Did you know that there are approximately 10 million unintended multiple super accounts, which represent around 35% of all member accounts held by funds?
While in some cases this outcome may be intended, more often than not the creation of multiple accounts is unintended and mainly occurs when employees change jobs and do not nominate the same (or any) account for their super guarantee to be paid into.
These multiple super accounts are costing Australians an extra $690 million in duplicated administration fees and $1.9 billion in insurance premiums per year, which is eroding many Australians’ hard-earned super benefits.
If you are one of these individuals with multiple super accounts, there may be benefits to rolling your accounts onto one super fund.
The benefits of consolidating funds
There are a number of benefits of rolling your accounts into one fund, including:
■ Prevent duplicated fees – having one super fund means one set of fees, potentially saving you hundreds and thousands of dollars over your lifetime.
■ Easier to manage – having all your super in one account makes it easier to manage as there is less paperwork and administration to worry about.

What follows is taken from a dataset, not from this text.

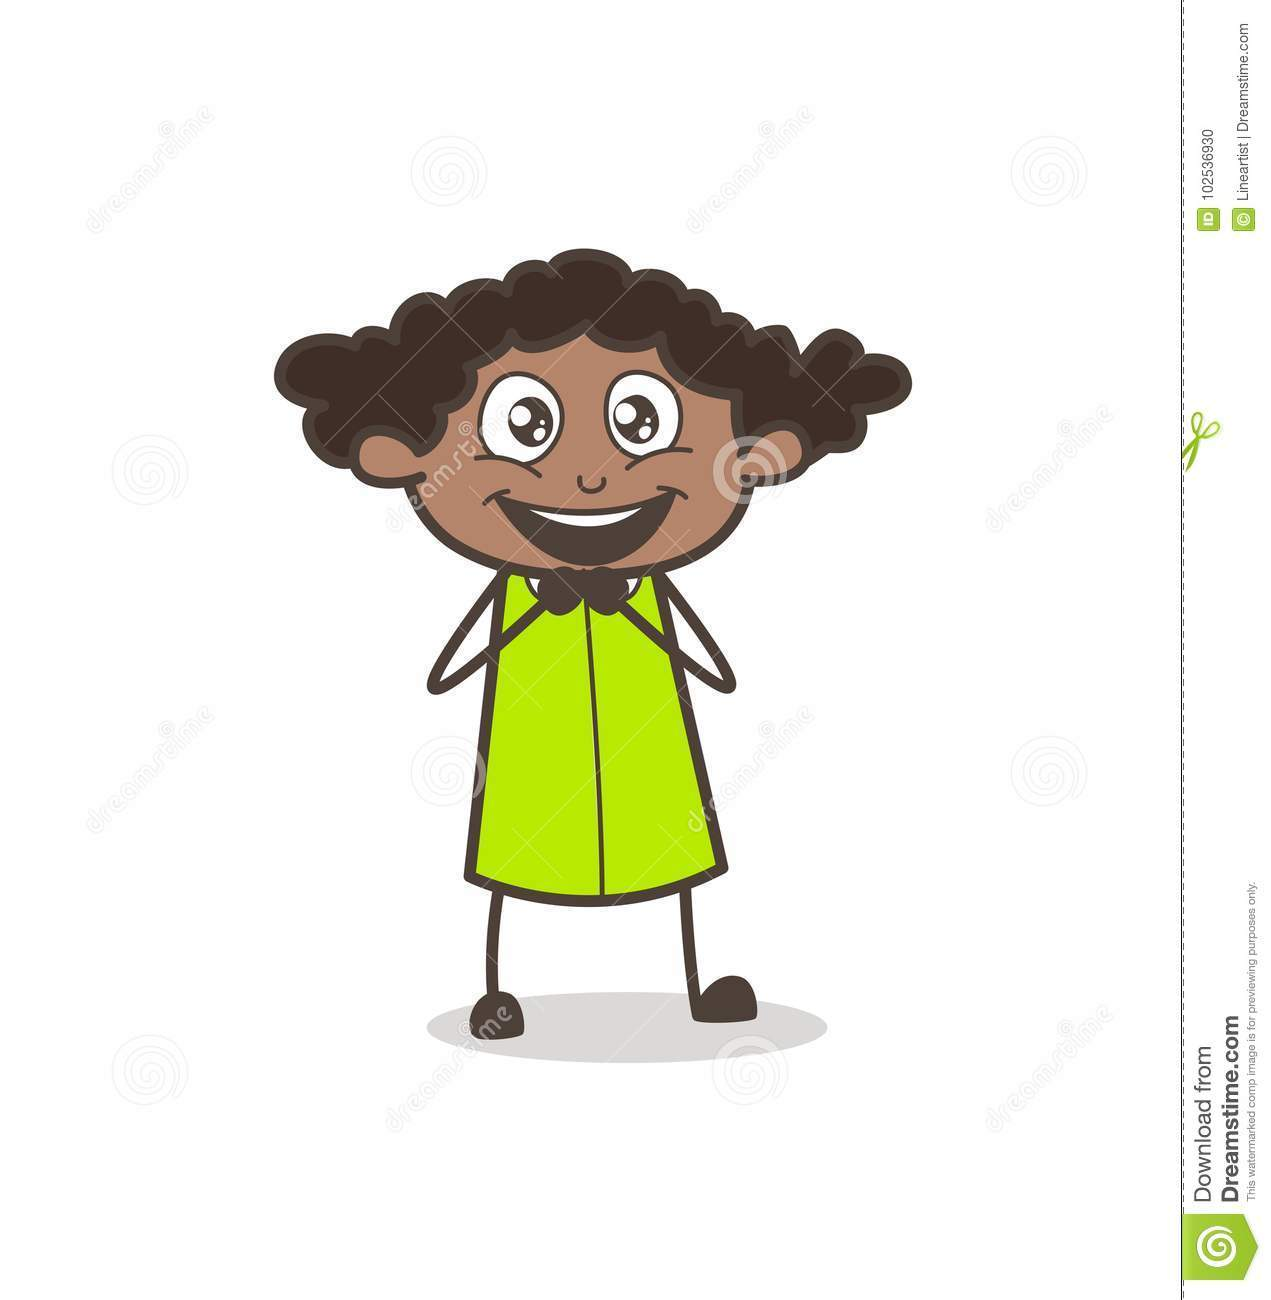 Innocent girl clipart graphic stock Innocent girl clipart 6 » Clipart Portal graphic stock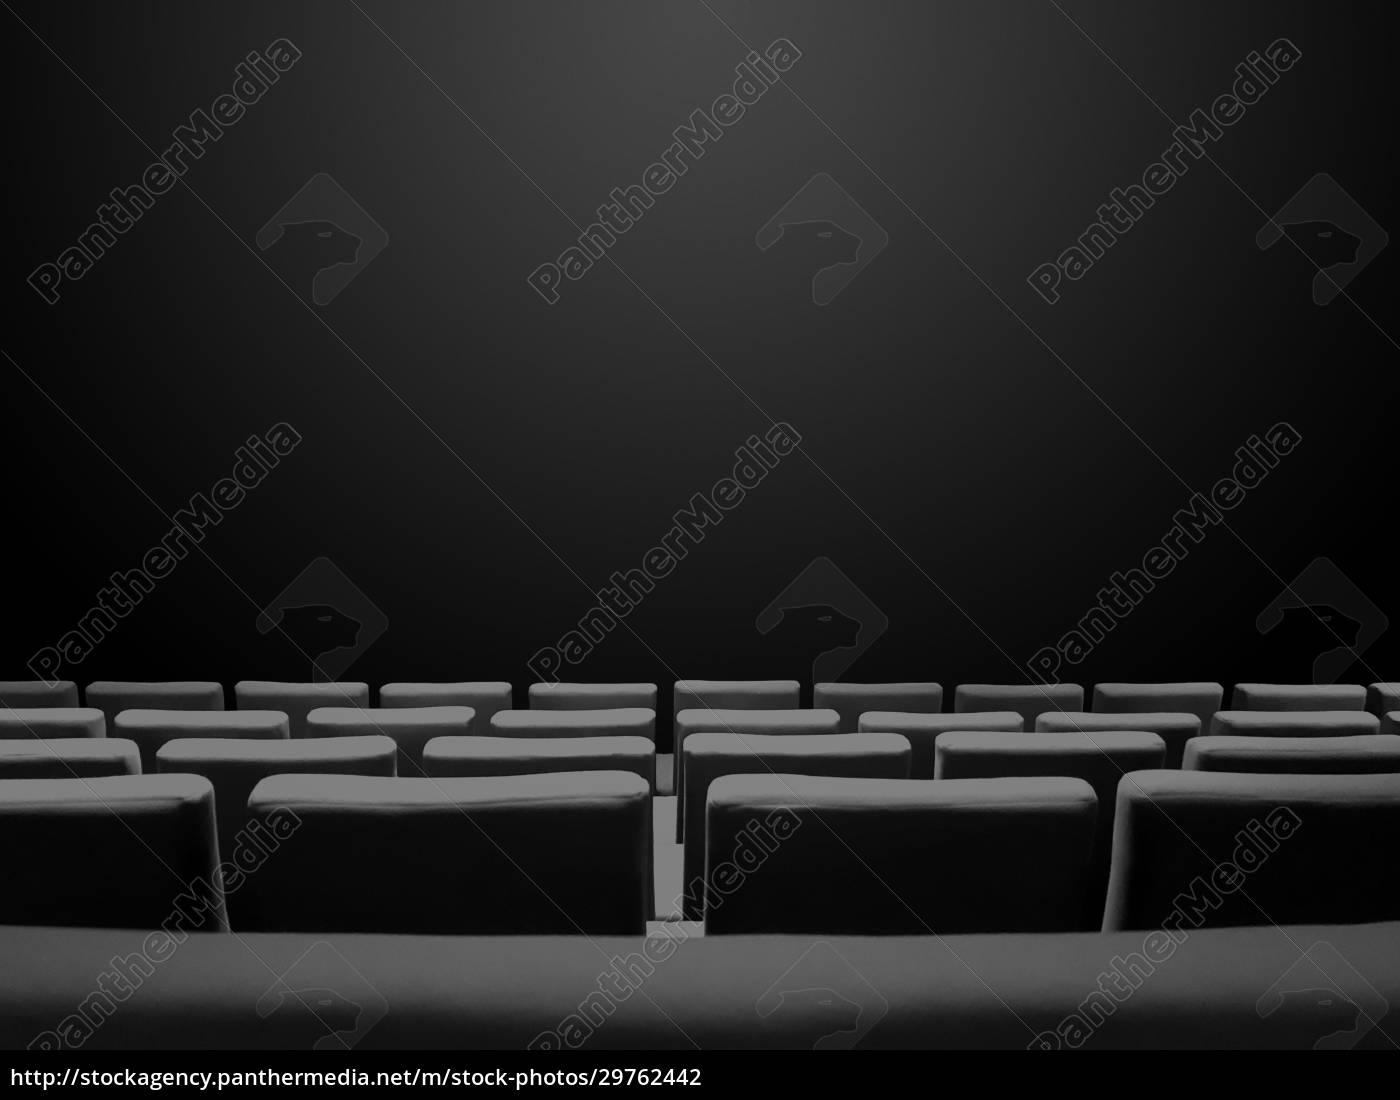 cinema, movie, theatre, with, seats, rows - 29762442

■ Maximise your investment returns – once you have consolidated your funds, it will be easier to manage your investment strategy and you’ll be able to maximise the funds to invest.
Things to consider before consolidating
Before you consolidate your funds, there are a few things you should consider, including:
■ Check whether you have any insurance cover – you may hold life, total and permanent disability cover and income protection through your super funds. When changing funds, you may lose this cover or not receive the same level of cover in the new fund. Individuals with pre-existing medical conditions and those aged over 60 need to be particularly vigilant.
■ Compare your super funds – it is important to compare your super funds to check on things like fees, insurance premiums, variety of investment options available, performance data, etc before you choose a super fund that meets your needs.
■ Check if you can rollout of your current fund – it may not be possible for you to transfer your money out of your account eg, if you have a defined benefit fund.
Speak to your licensed financial advisor to help you make the right decision, particularly if you’re not sure about the adequacy of your new or existing insurance coverage.